Each year, I have my routine. I take out a pink highlighter, and make a big, cheerful hot pink “H” on all the days that I get paid not to come to work. Something about doing that makes me feel really good. Then I write “close @ 1:00” on all the early closing days. Today was the day I picked to do this little task, and I followed the normal routine. As I wrote on the days in my calendar, one date in particular caught my attention: July 2.
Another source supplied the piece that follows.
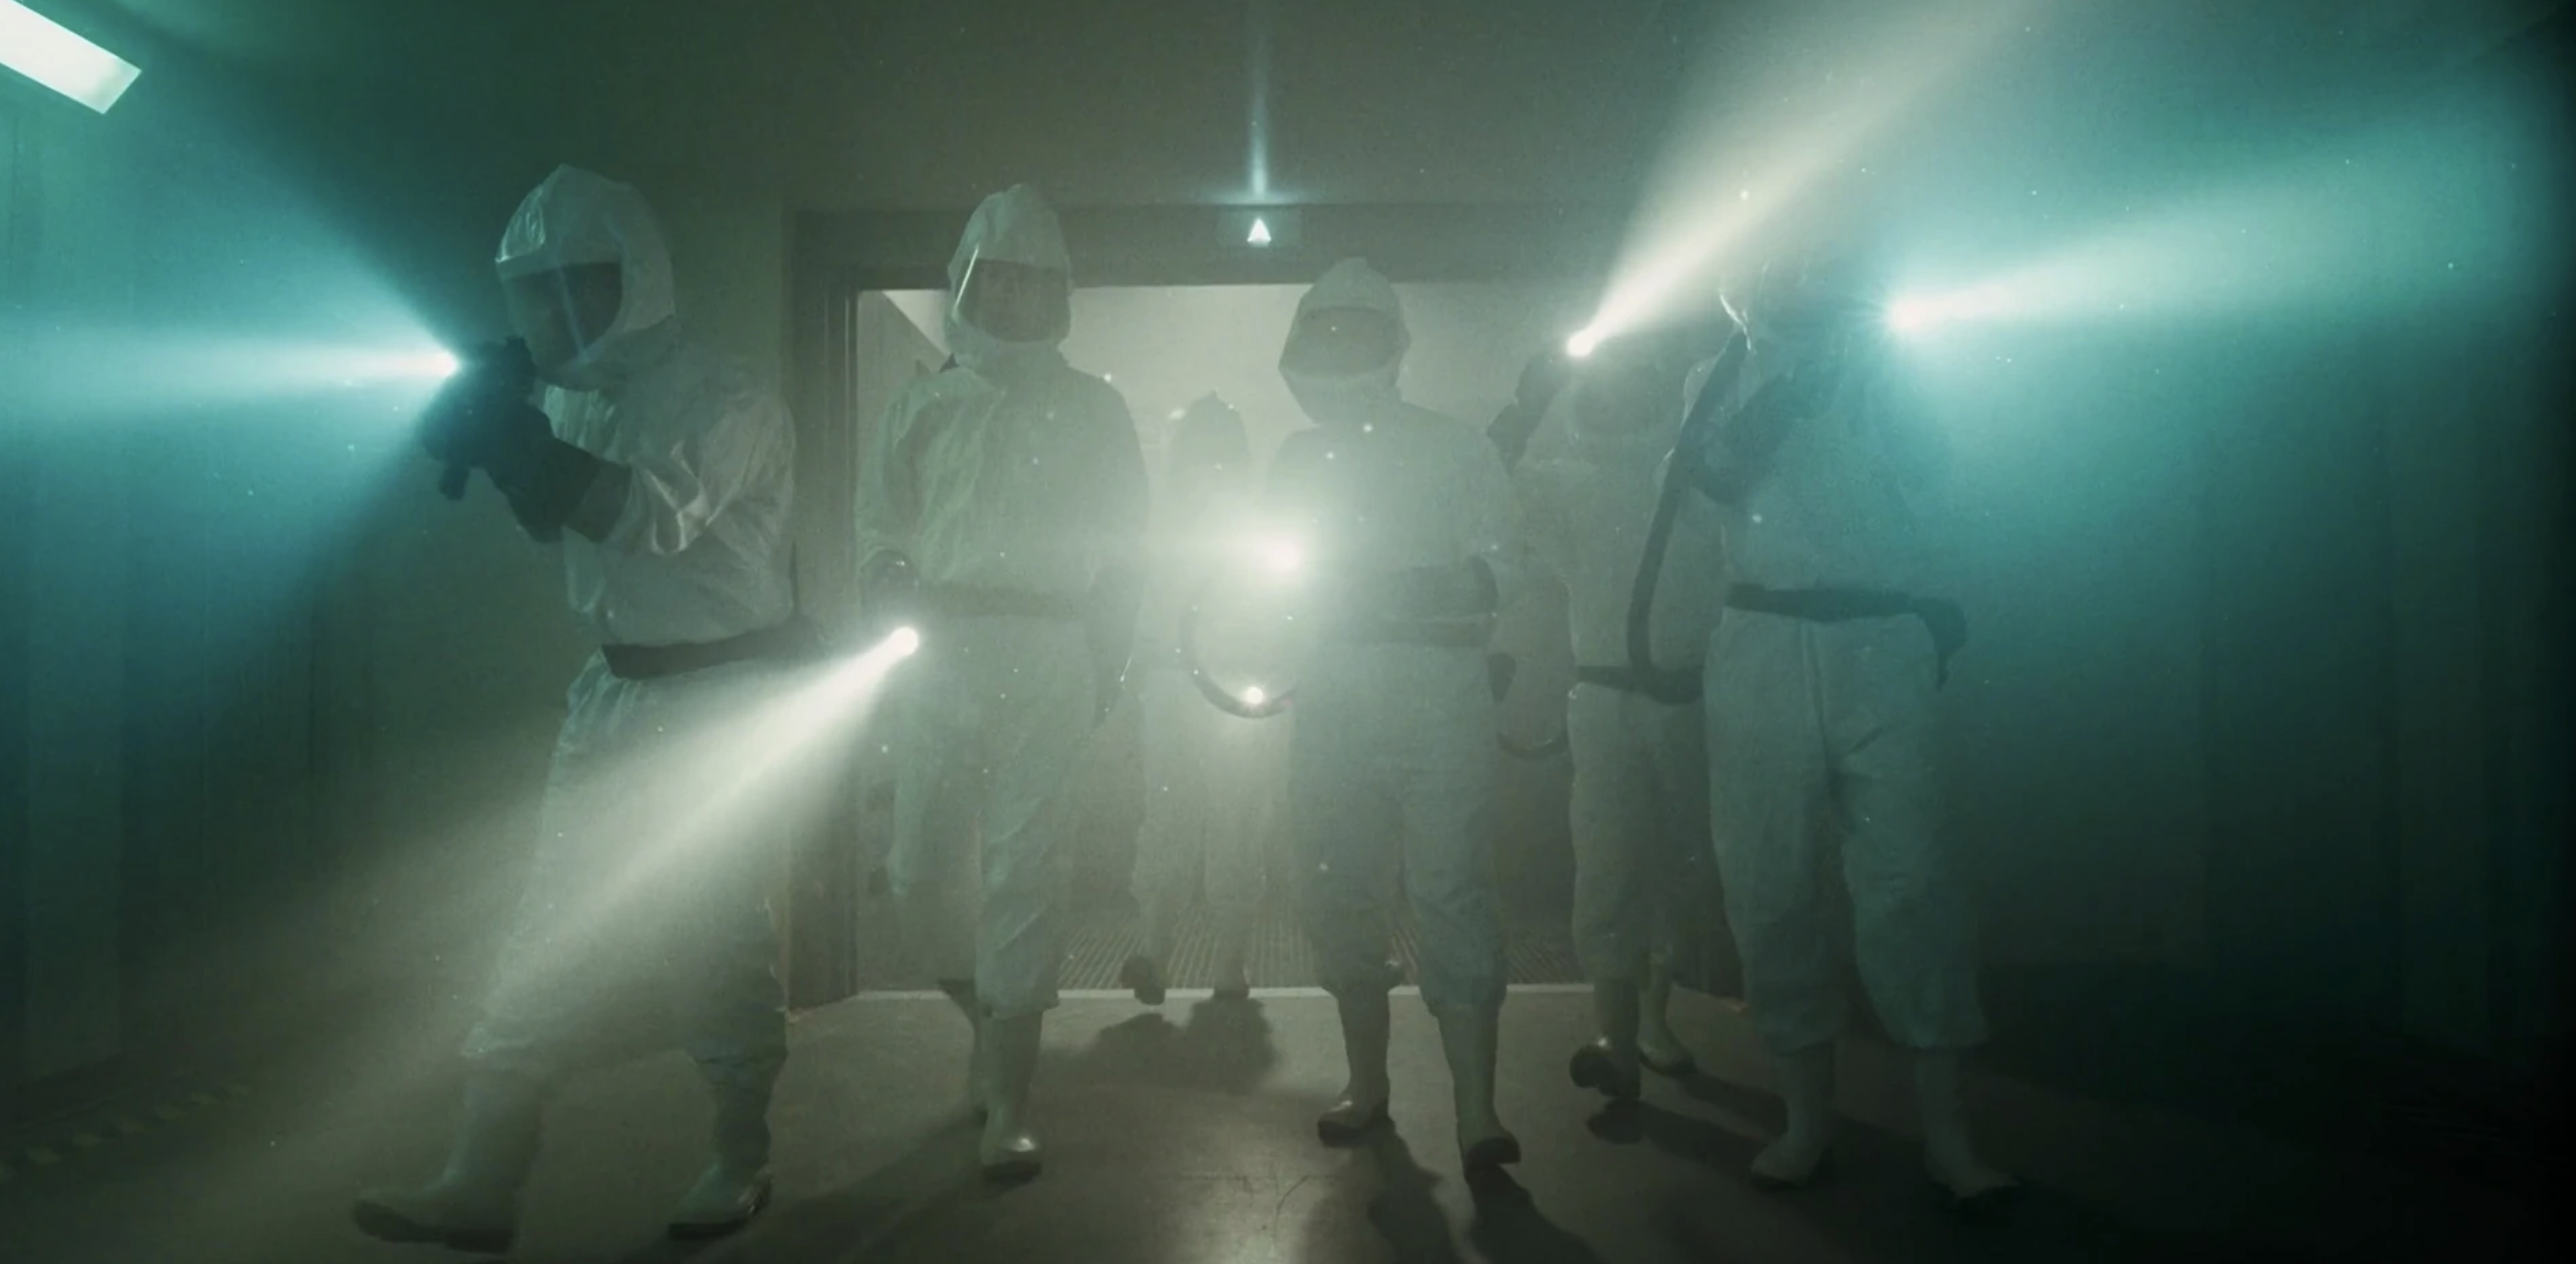 People in hazmat suits and flashlights

July 2, 1993 was the day I got married. A day that I liked less and less as the years wore on. It became a reminder to me of all that my marriage wasn’t. The proposal that wasn’t. The flowers, the dinners, the trips that never came. The meager celebrations dwindled through the years to just a card; and for the last few years, I would even resist doing that until the absolute last minute. It was the only day worse than St. Valentine’s Day. It was sheer torture to read through all those cards about how grateful people were for the love and devotion they had felt and received for the past year, and how they hoped there were many more in the future. It was painful. No one makes a card that says what I felt:
“You really suck at this!
You promised last year that this one would be better,
and instead it’s been worse.
You treat me like I’m not even here,
and now I have to buy you some mushy card
and have sex with you tonight.”
That may be a whole new market for greeting cards… Anyway… As I wrote on July 2 “close @ 1:00”, it slowly dawned on me: I DON’T HAVE TO DO THAT THIS YEAR!
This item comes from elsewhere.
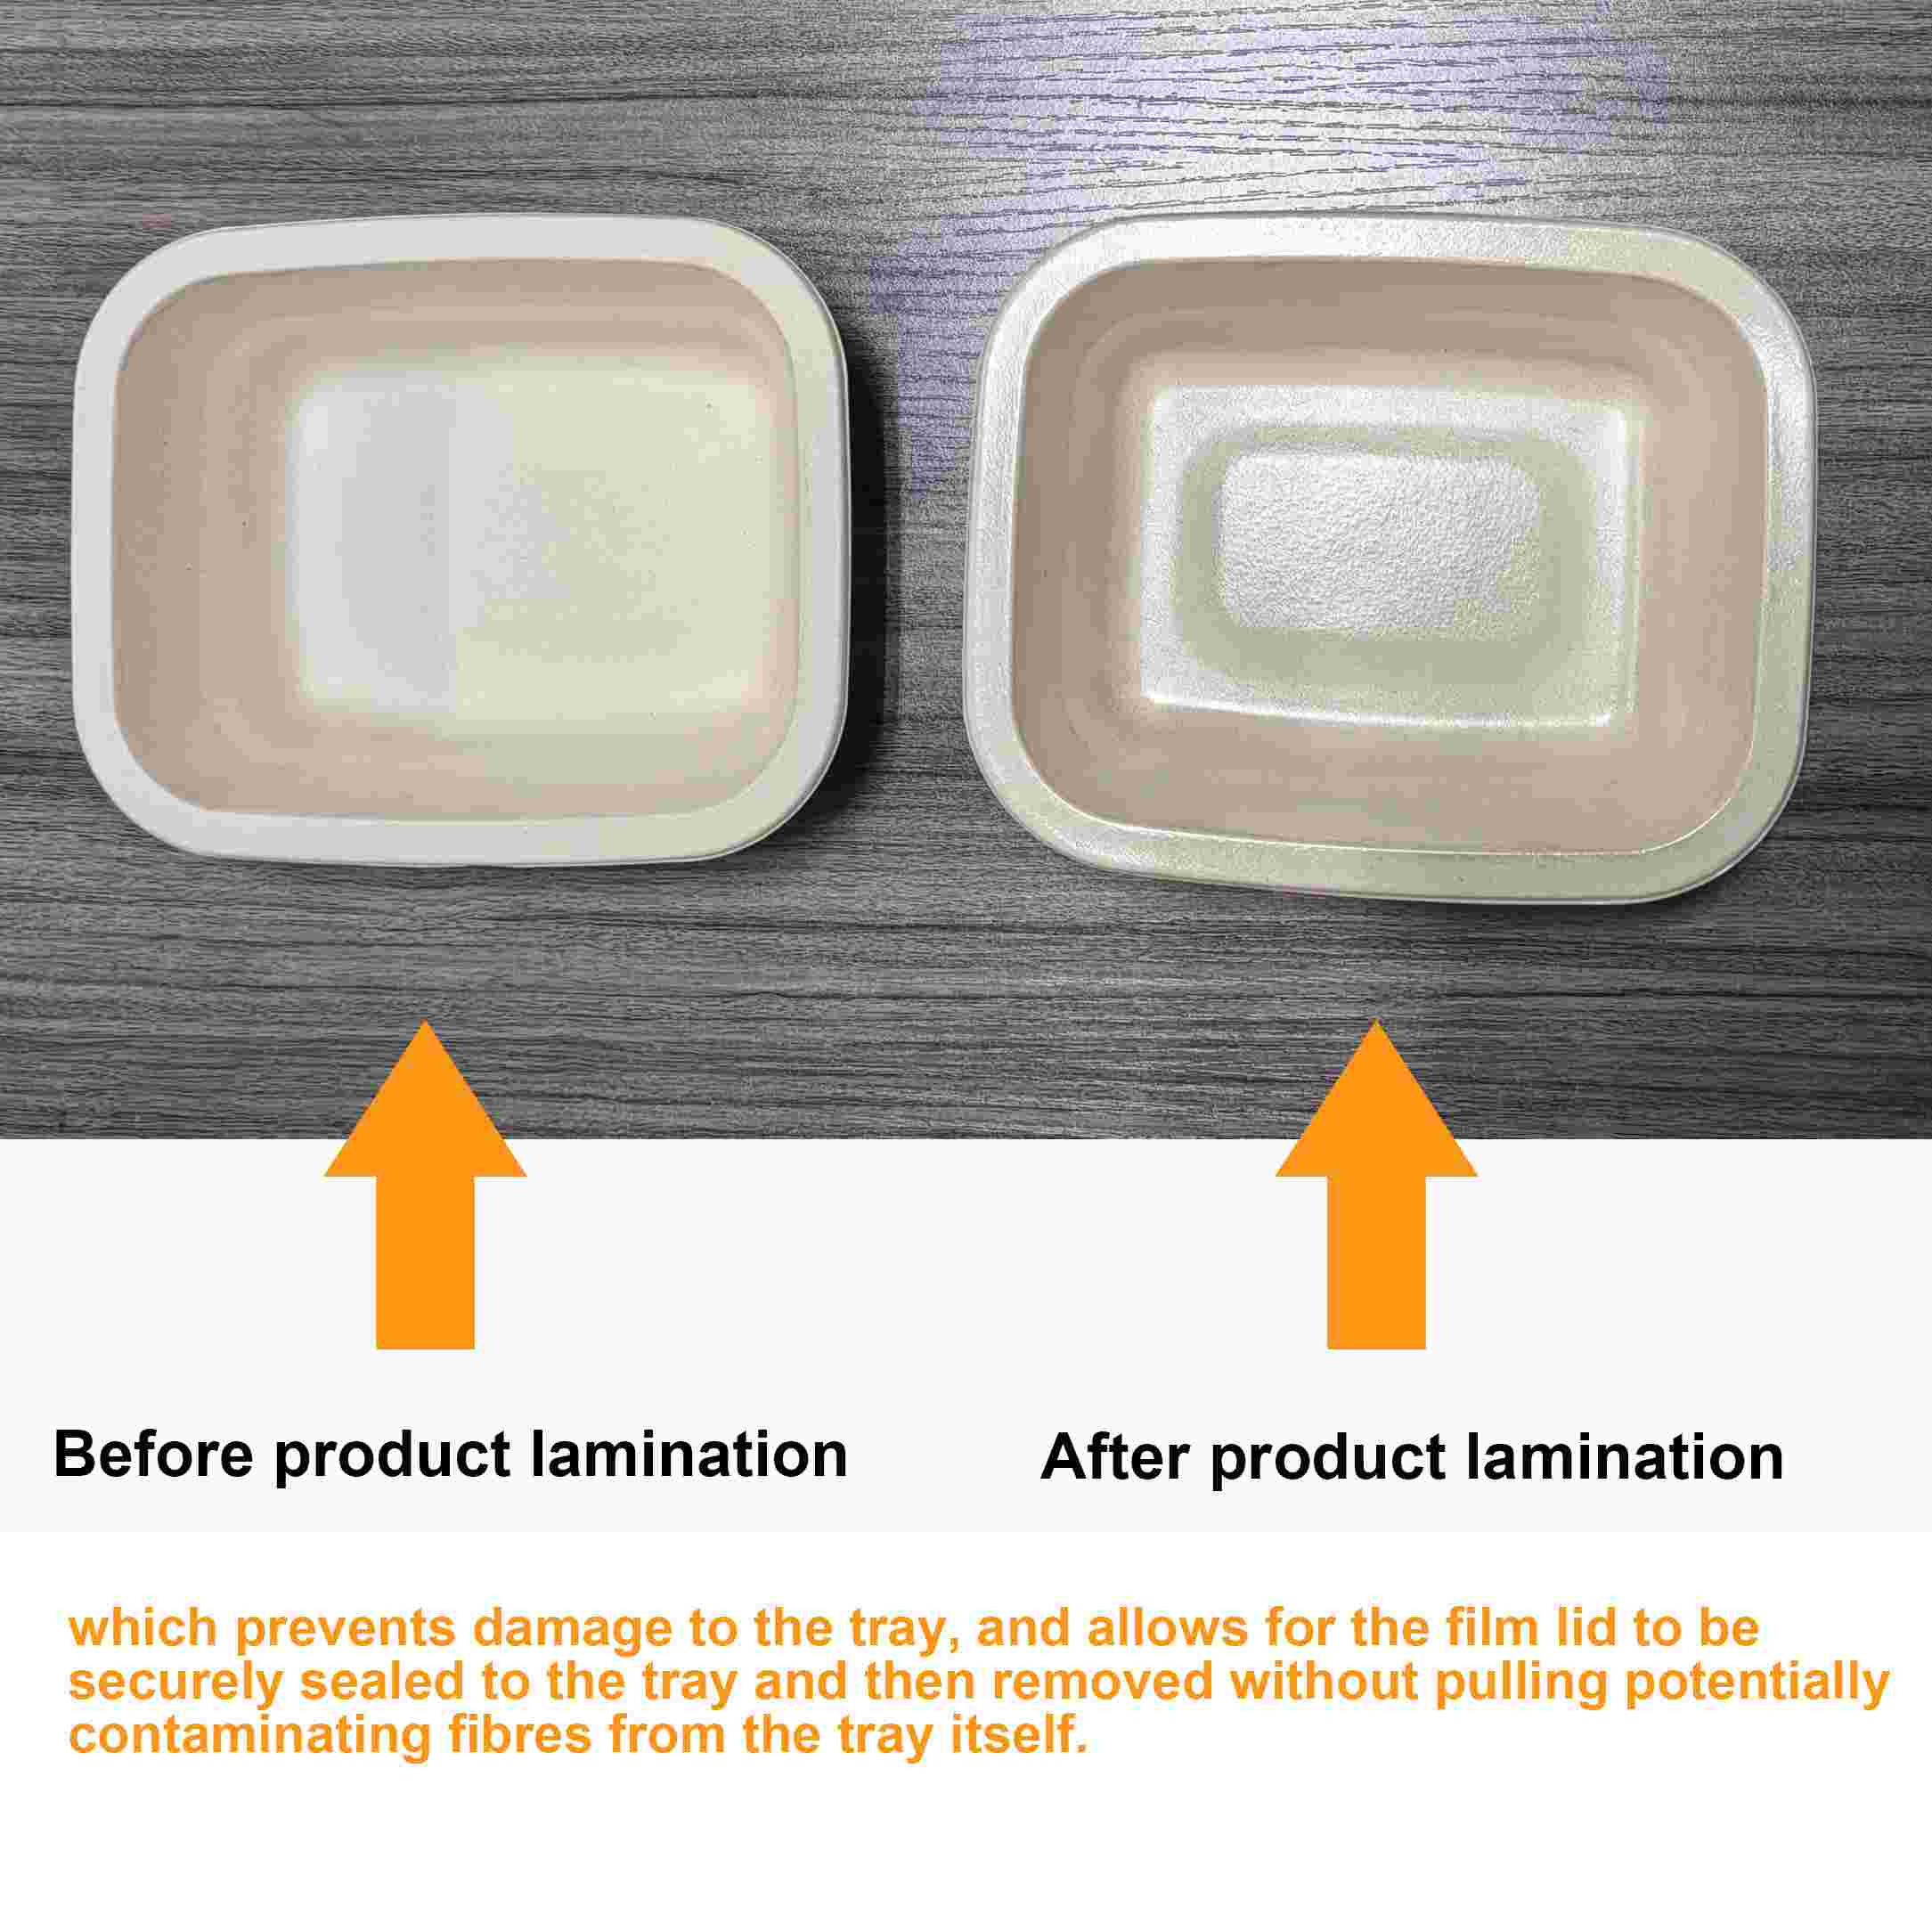 Compostable Biodegradable food tray packaging

I can’t describe the feeling of elation and freedom that slowly came over me, as a smile broke wide across my face. I felt like jumping up and down! Probably would have if I hadn’t just spent the last week getting over a back injury! I have spent the rest of the night smiling, and singing in the car on the way home, and looking forward to the time next year when I will gain my legal freedom. When I will finally be free to be myself again.
And hopefully, I will find the man with whom I will look forward to truly celebrating every anniversary.